Battery Researchers Mystified by New Goodenough Paper on Solid State Battery (“It’s Kind of Like Cold Fusion”)

Thanks to readers who brought my attention to an interesting development in the world of battery research and development.

On February 28th, 2017, the University of Texas at Austin published a press release announcing that a team led by John Goodenough, professor in the Cockrell School of Engineering had made a breakthrough by developing “first all-solid-state battery cells that could lead to safer, faster-charging, longer-lasting rechargeable batteries for handheld mobile devices, electric cars and stationary energy storage.”

John Goodenough is a 94 year-old solid state physicist who is considered to be the one of the key researchers behind the development of the lithium-ion battery.

More from the press release:

“Today’s lithium-ion batteries use liquid electrolytes to transport the lithium ions between the anode (the negative side of the battery) and the cathode (the positive side of the battery). If a battery cell is charged too quickly, it can cause dendrites or “metal whiskers” to form and cross through the liquid electrolytes, causing a short circuit that can lead to explosions and fires. Instead of liquid electrolytes, the researchers rely on glass electrolytes that enable the use of an alkali-metal anode without the formation of dendrites.

“The use of an alkali-metal anode (lithium, sodium or potassium) — which isn’t possible with conventional batteries — increases the energy density of a cathode and delivers a long cycle life. In experiments, the researchers’ cells have demonstrated more than 1,200 cycles with low cell resistance.

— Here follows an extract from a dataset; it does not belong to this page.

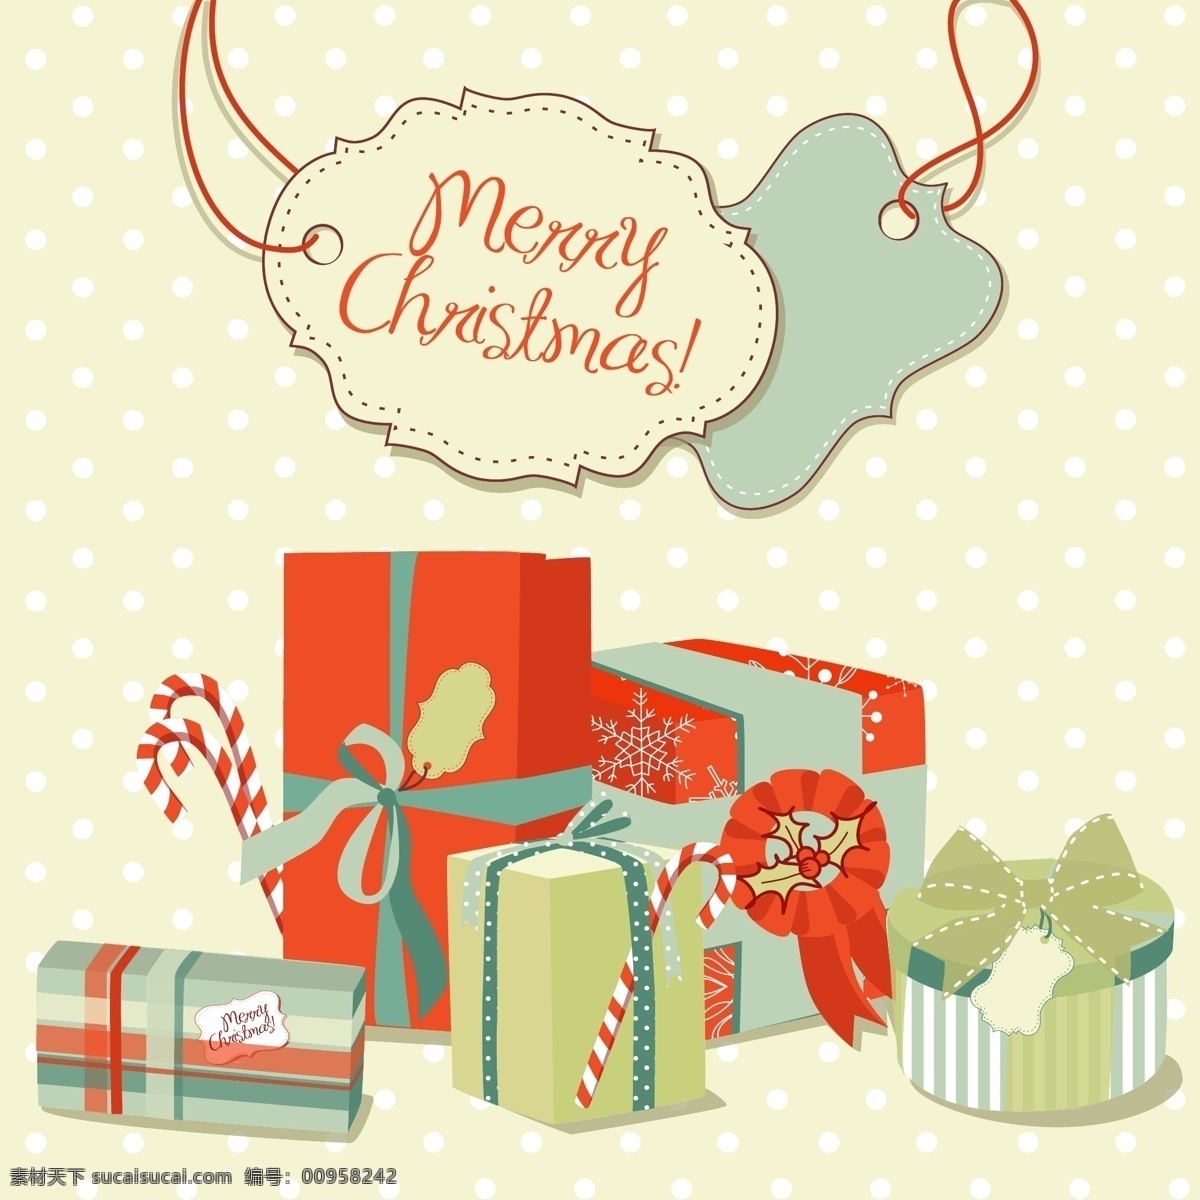 圣诞节 礼物 白色 斑点 背景 矢量 素 标签 吊牌 花纹 礼盒 圣诞节礼物 白色斑点 节日素材 其他节日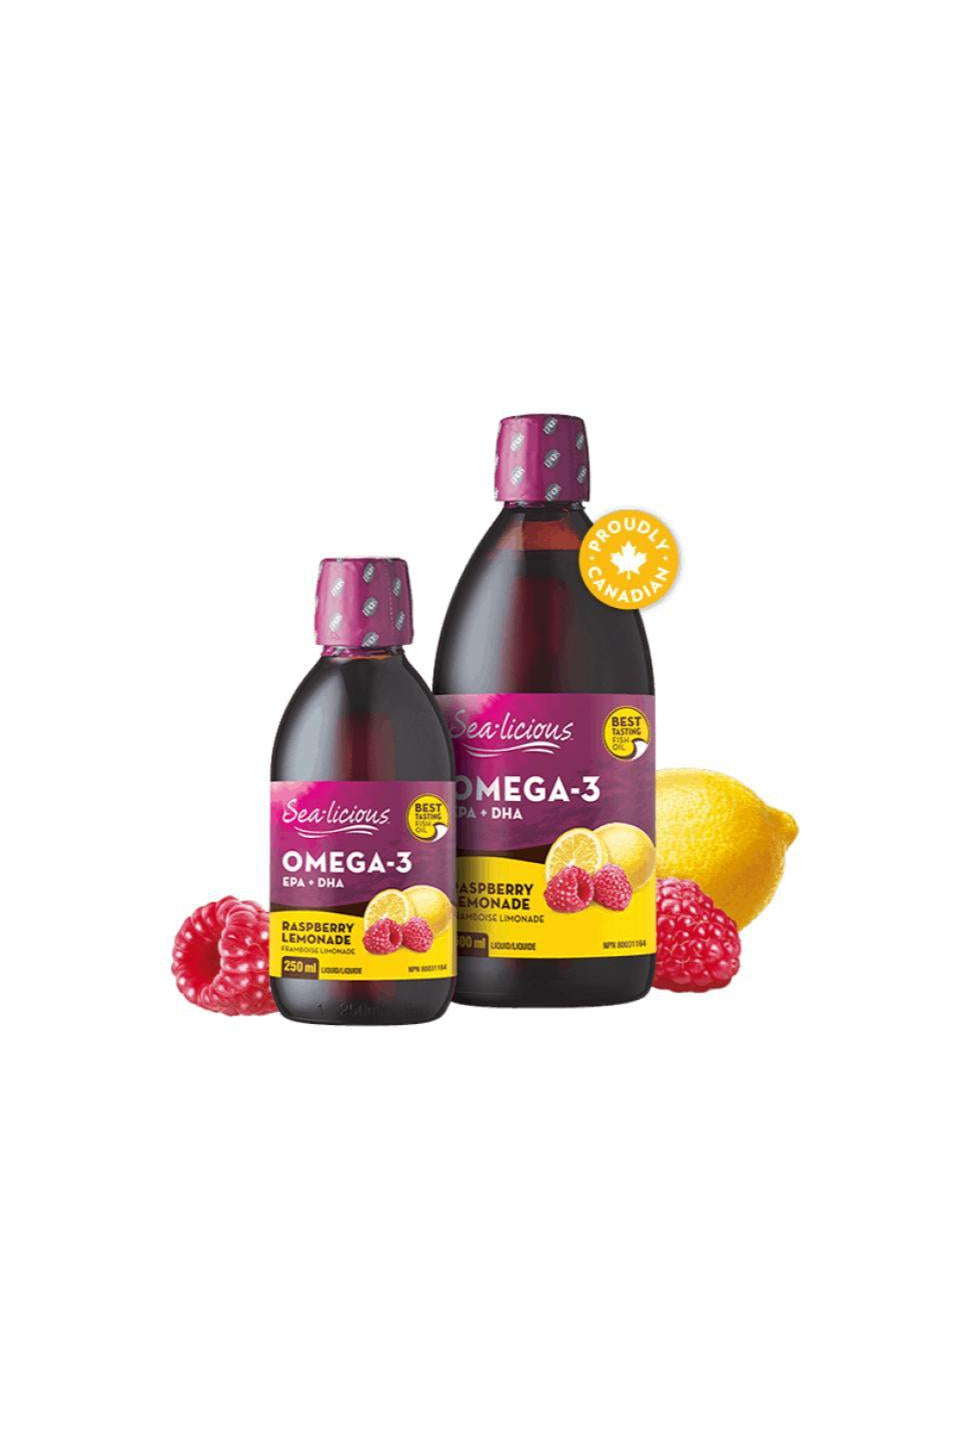 Sealicious Omega-3 EPA + DHA - Raspberry Lemonade 500ml

“Additionally, because the solid-glass electrolytes can operate, or have high conductivity, at -20 degrees Celsius, this type of battery in a car could perform well in subzero degree weather. This is the first all-solid-state battery cell that can operate under 60 degree Celsius.”

The team published a paper, (lead author Maria Helena Braga) titled “Alternative strategy for a safe rechargeable battery” can be read in the journal Engineering and Environmental Science here.

There has been an interesting response among battery researcher to the published research. An article published on the Quarz website reports how some researchers are somewhat incredulous about what Goodenough’s paper reports. Here are some excerpts and comments:

“It’s what is not stated in the paper that has some of the battery community stumped. How is Goodenough’s new invention storing any energy at all? The known rules of physics state that, to derive energy, differing material must produce differing eletro-chemical reactions in the two opposing electrodes. That difference produces voltage, allowing energy to be stored. But Goodenough’s battery has pure metallic lithium or sodium on both sides. Therefore, the voltage should be zero, with no energy produced, battery researchers told Quartz . . .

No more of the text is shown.